Sunday, 17 March 2013

A curious campaign

There has been a fair bit of comment on blogs and elsewhere about the recent incident that saw trainee reporter Chad Welch removed from a joint Llanelli council meeting and his notes taken from him. As you would expect, there are conflicting accounts as to what actually happened before and during the meeting. However, this alleged instance of politicians snapping at the hand that writes about them has ended up being as much a comment on the calibre of local representation as it is on a denial of press freedom.

"So which one of you is town
and which is rural?"
A few weeks before the event, Llanelli Rural Council issued a media release stating that it would be lobbying local politicians "following Hywel Dda Community Health Council’s (CHC) decision to refer the health board’s review of its clinical services to the Welsh Government."

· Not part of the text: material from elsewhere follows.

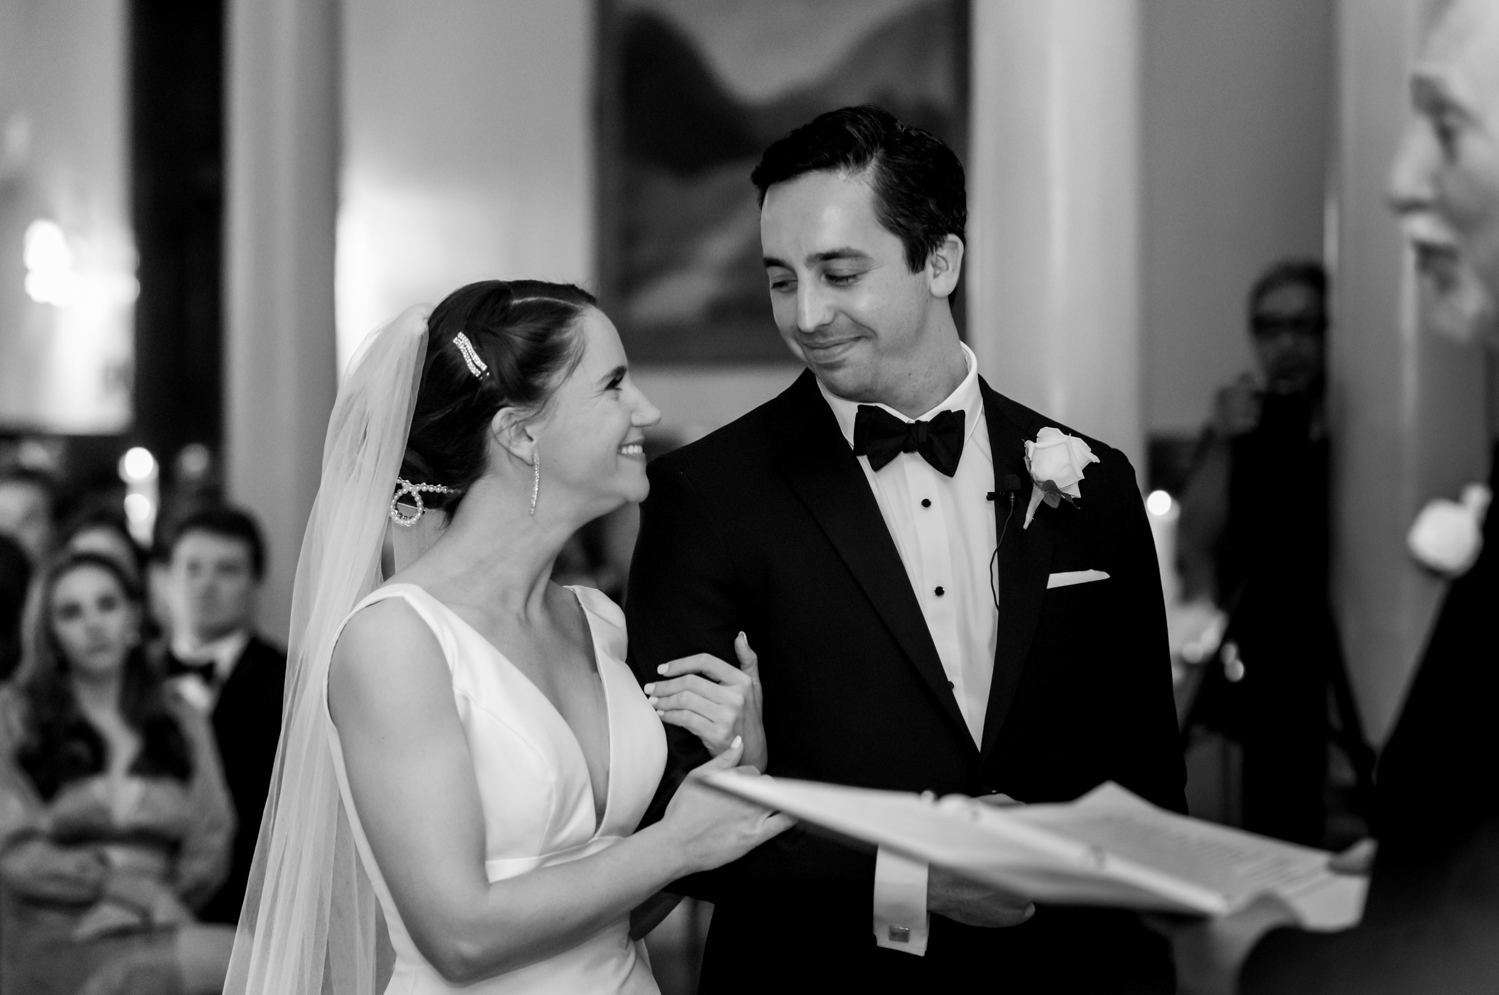 The bride holds the grooms arm and they smile at each other, standing at the altar

All well and good but some might ask how a very public statement of intent like this turns into a closed-doors meeting of elected representatives. What is even more curious is how this is an apparently acceptable arrangement when you consider that a few LRC members have a record of demanding greater openness in public life and especially health bodies. There is also the matter of a subsequent tweet by a local AM which implies a role of uninvolved bystander rather than participant - but that is for another time.

An accusation consistently levelled at Hywel Dda LHB is that background organisational decisions which drastically affect service levels have been made in secrecy. These have then been rubber stamped with attempts at validation through perfunctory and often hopelessly executed public consultation.

Unfortunately for local NHS users the political campaign of opposition is just as lacking in focus. The Community Health Council, which is supposed to have professional advisors at its disposal, somehow forgot that it does not have a constitutional power of veto and failed to come up with any alternative service arrangements for ministers to consider.

It may be an uncharitable assessment but the impression to be gained is that having the problem batted back at them unsettled one or two people who were expecting nothing more challenging than waving a few placards. Of course, it's more than possible that the newspaper, keen to boost flagging circulation with its own campaign, had a very similar approach in mind.

As things stand we may never know - and that's the problem.

1 comment:

  1. What bothers me is that the only party arguing in favour of more resources going into health are Welsh Conservatives. Everyone else is either posturing at the barricades, dodging the bullet or twittering on about "smarter" services without actually explaining what that means.